Mit "die" hatte Bray wohl Spike mit eingeschlossen. Ich nickte nur.

4. Kapitel

Geschwisterliebe

Ebony lehnt sich im Stuhl zurück. Der Rücken tut ihr weh vom schreiben. Sie ist heute recht früh aufgestanden, da Power und Chaos ihr keine Ruhe gelassen hatten. Zoot hat mal wieder keinen Finger gerührt, er würde wahrscheinlich jetzt noch schlafen. Spike und seine Mannschaft sind schon lange auf. Wenigstens ist jemand da der dann auf die Kinder aufpassen kann, Spike weiß ja was ihm droht wenn er seine aufsichtspflicht verletzt. Es klopft zaghaft an der Tür und Zoot tritt ein.
"Du bist ja schon wach"sagt er überrascht. Ebony rollt genervt mit den Augen. Das war wirklich sehr lustig...
"Nein, ich schlafe noch!"
"Gut" fährt Zoot fort als hätte er ihre Antwort nicht gehört. "Dann kannst du deinen Kids ja mal futter machen, du weißt ja das ich damit meine Probleme habe" Ebony glaubt ihm das nicht so ganz, steht aber trotzdem auf um zu tun was Zoot verlangt.
"Naja... meinst du nicht das zwei Kinder nicht etwas viel sind für dich?" fragt er zaghaft hinter ihr her gehend.
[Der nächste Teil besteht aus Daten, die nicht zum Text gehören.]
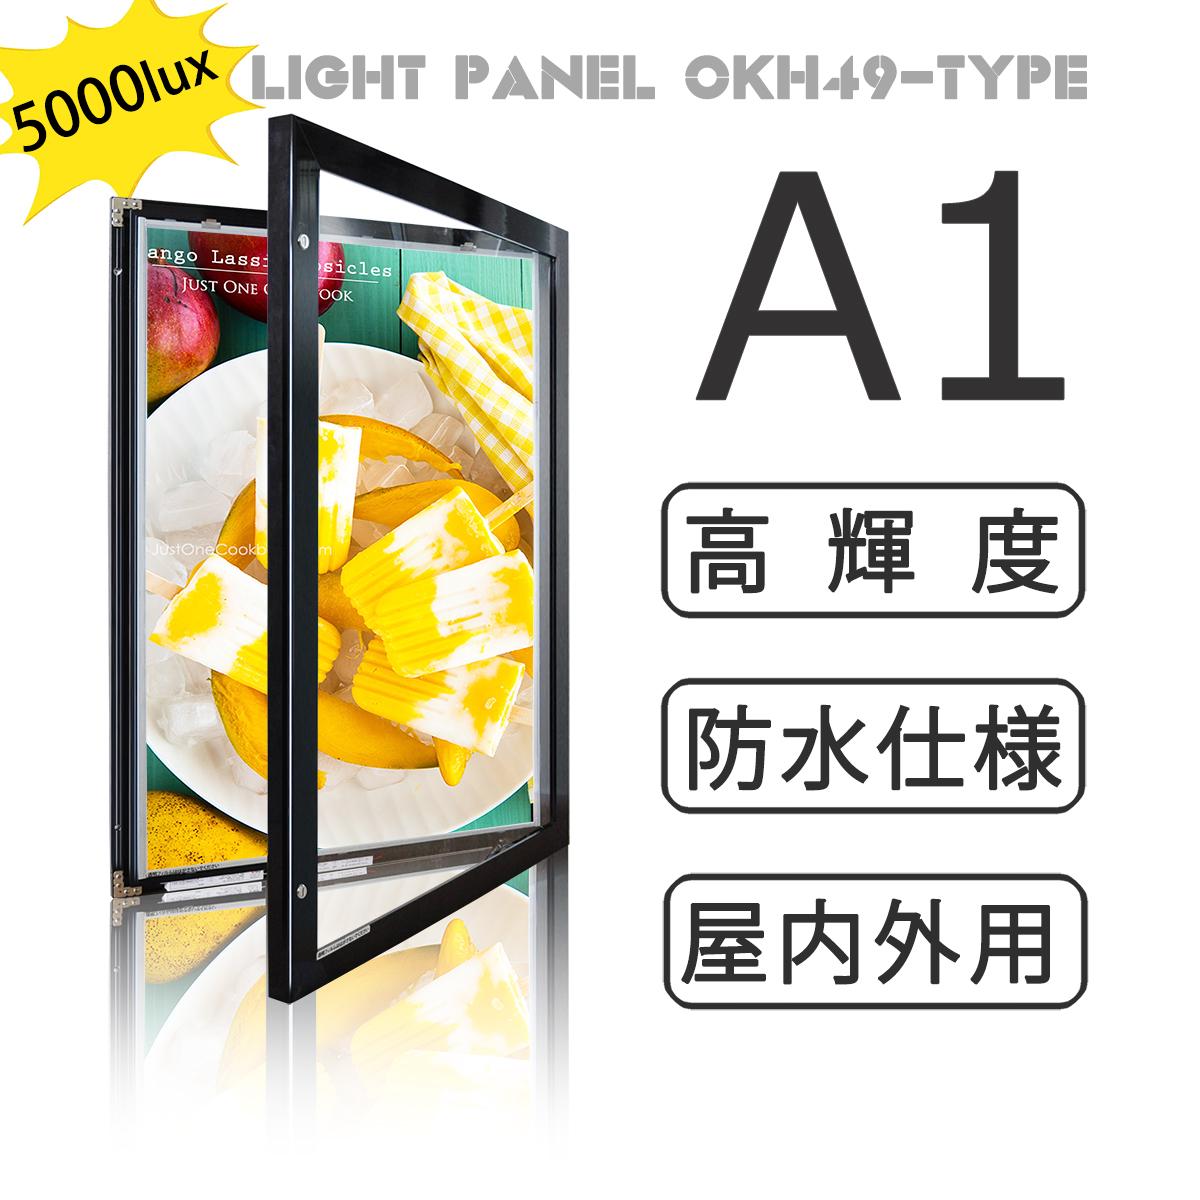 防水LEDライトパネル(OKH49)_A1
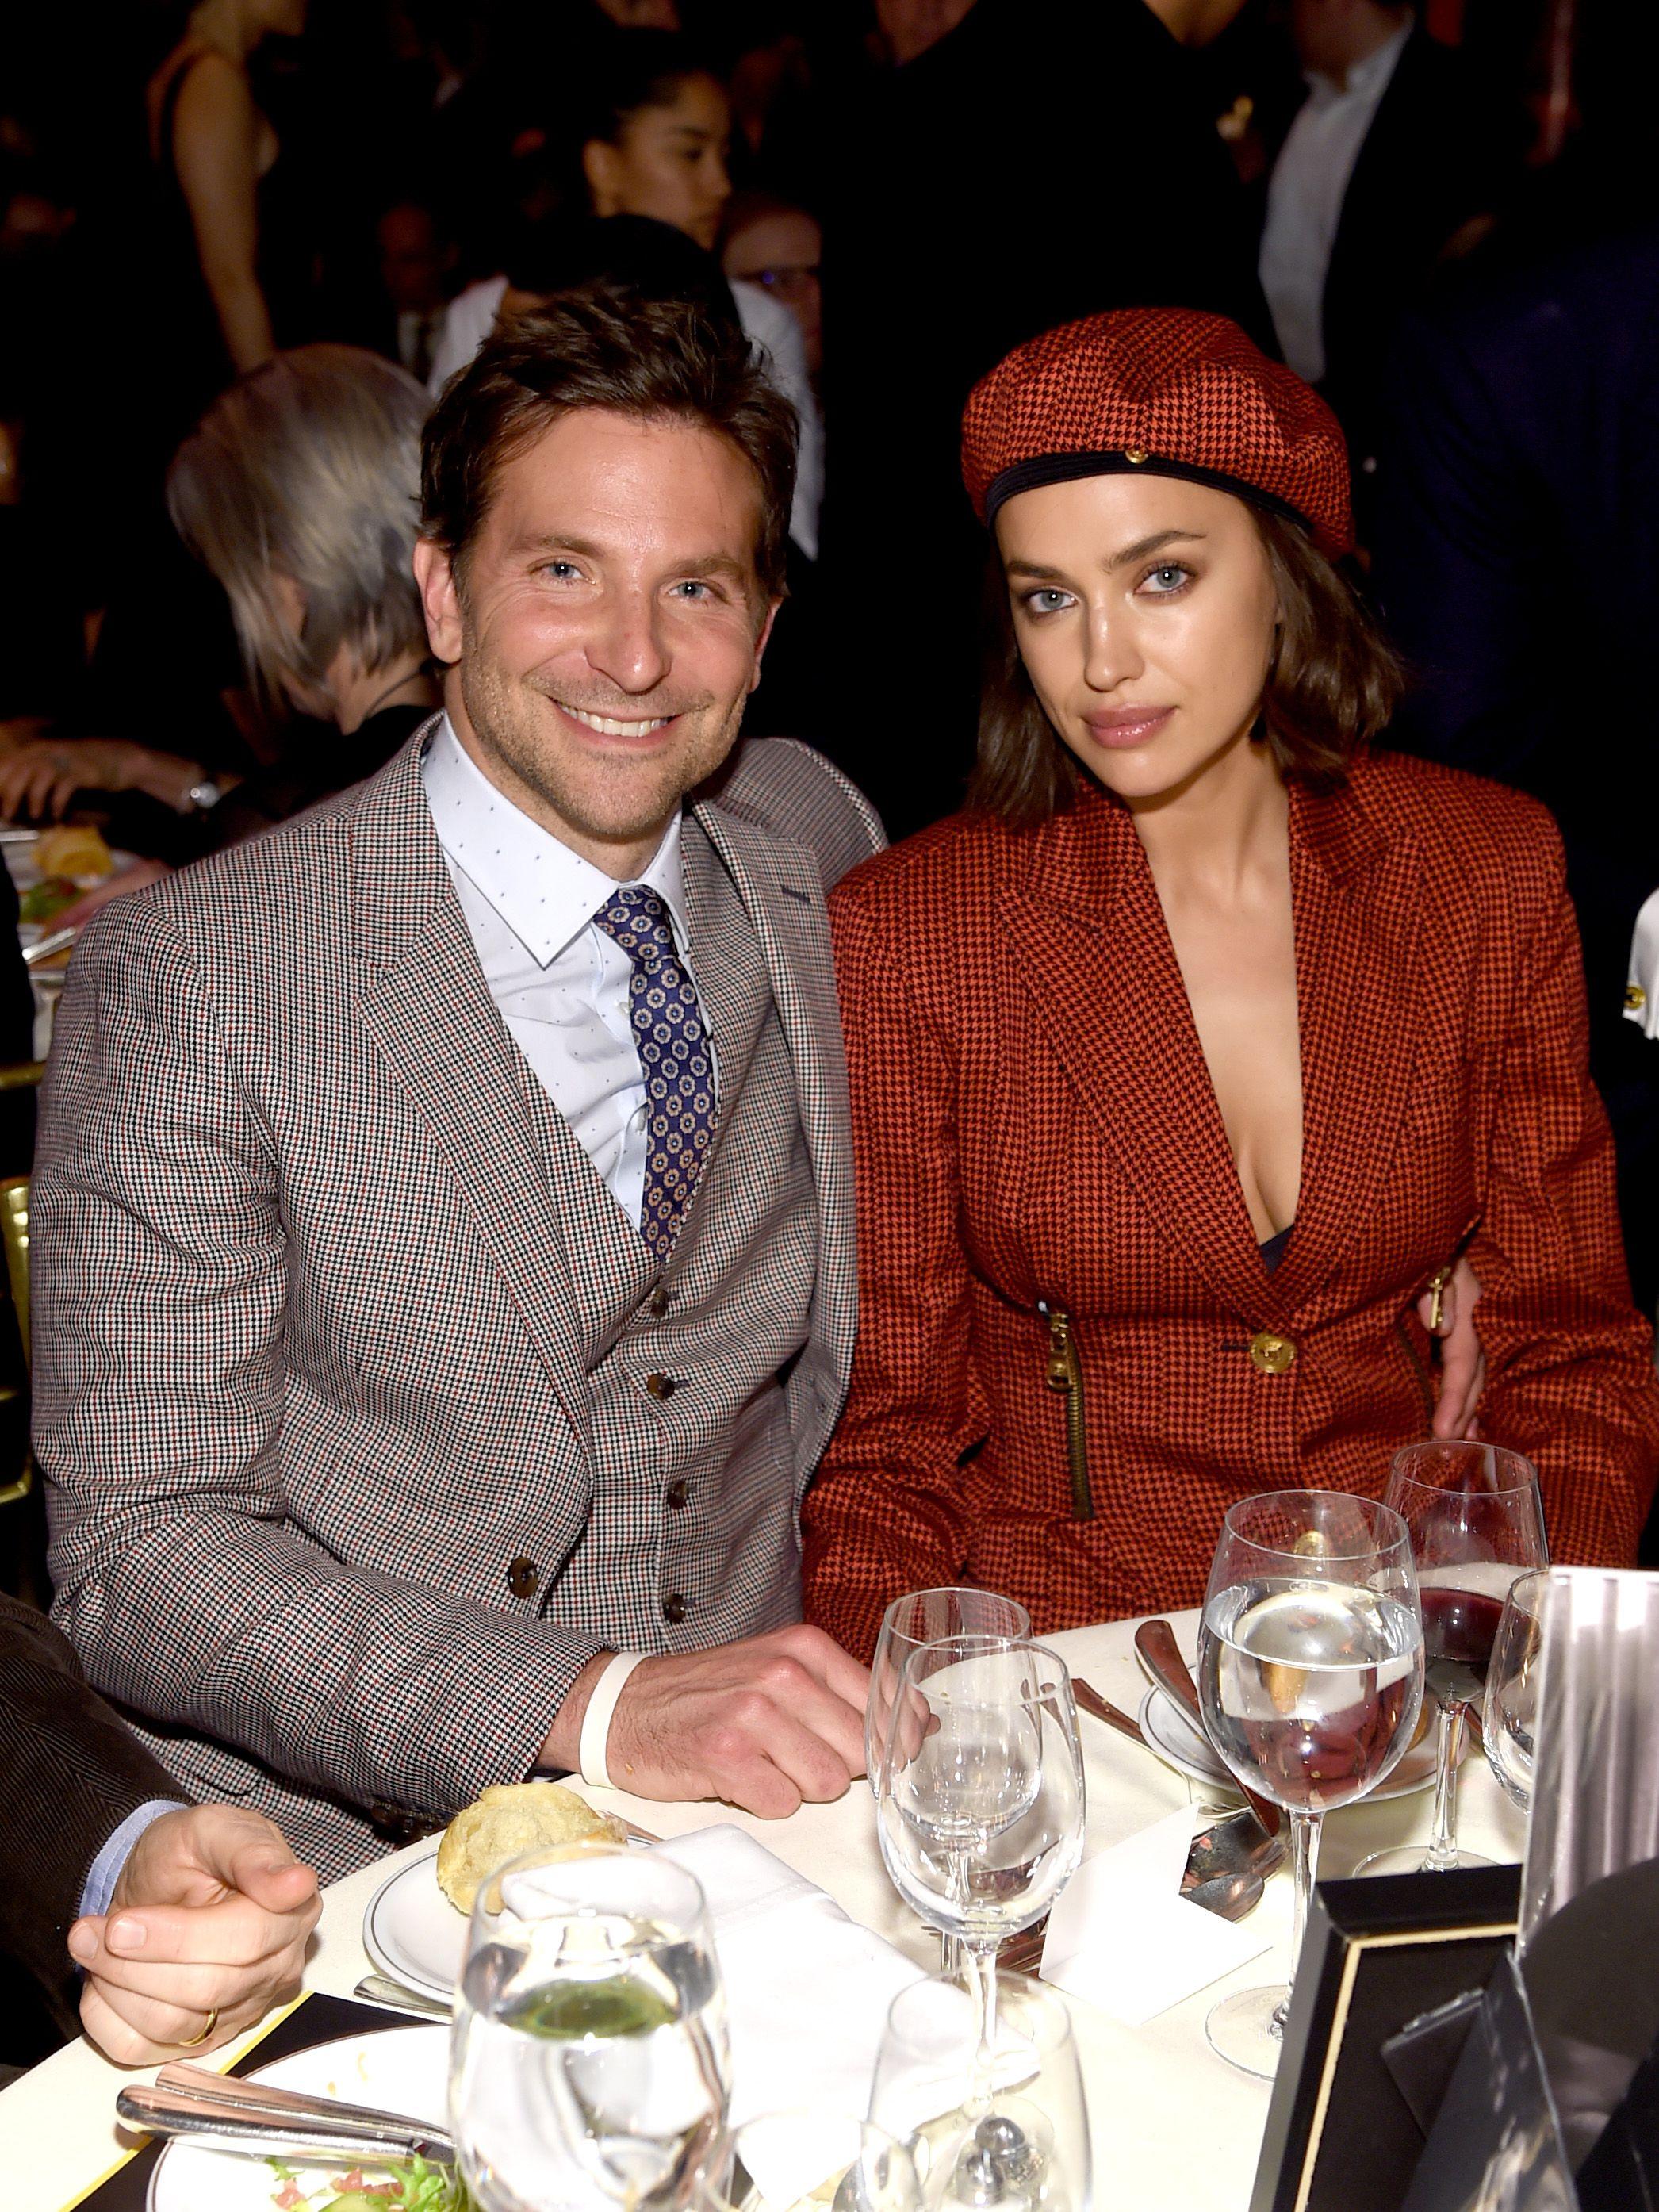 Som är Bradley Cooper dating i 2016

Ebony zuckt mit den Schultern.
"Nicht unbedingt, nur zwei Kinder und EIN Mann sind zuviel für mich!" meint sie geistesabwesend. Zoot bleibt erschrocken stehen. Immer das selbe. Er darf ständig ihre schlechte Laune ausbaden.
"Naja, was mich nicht umhaut, macht mich nur noch stärker!" ruft Ebony ihm achselzuckend zu.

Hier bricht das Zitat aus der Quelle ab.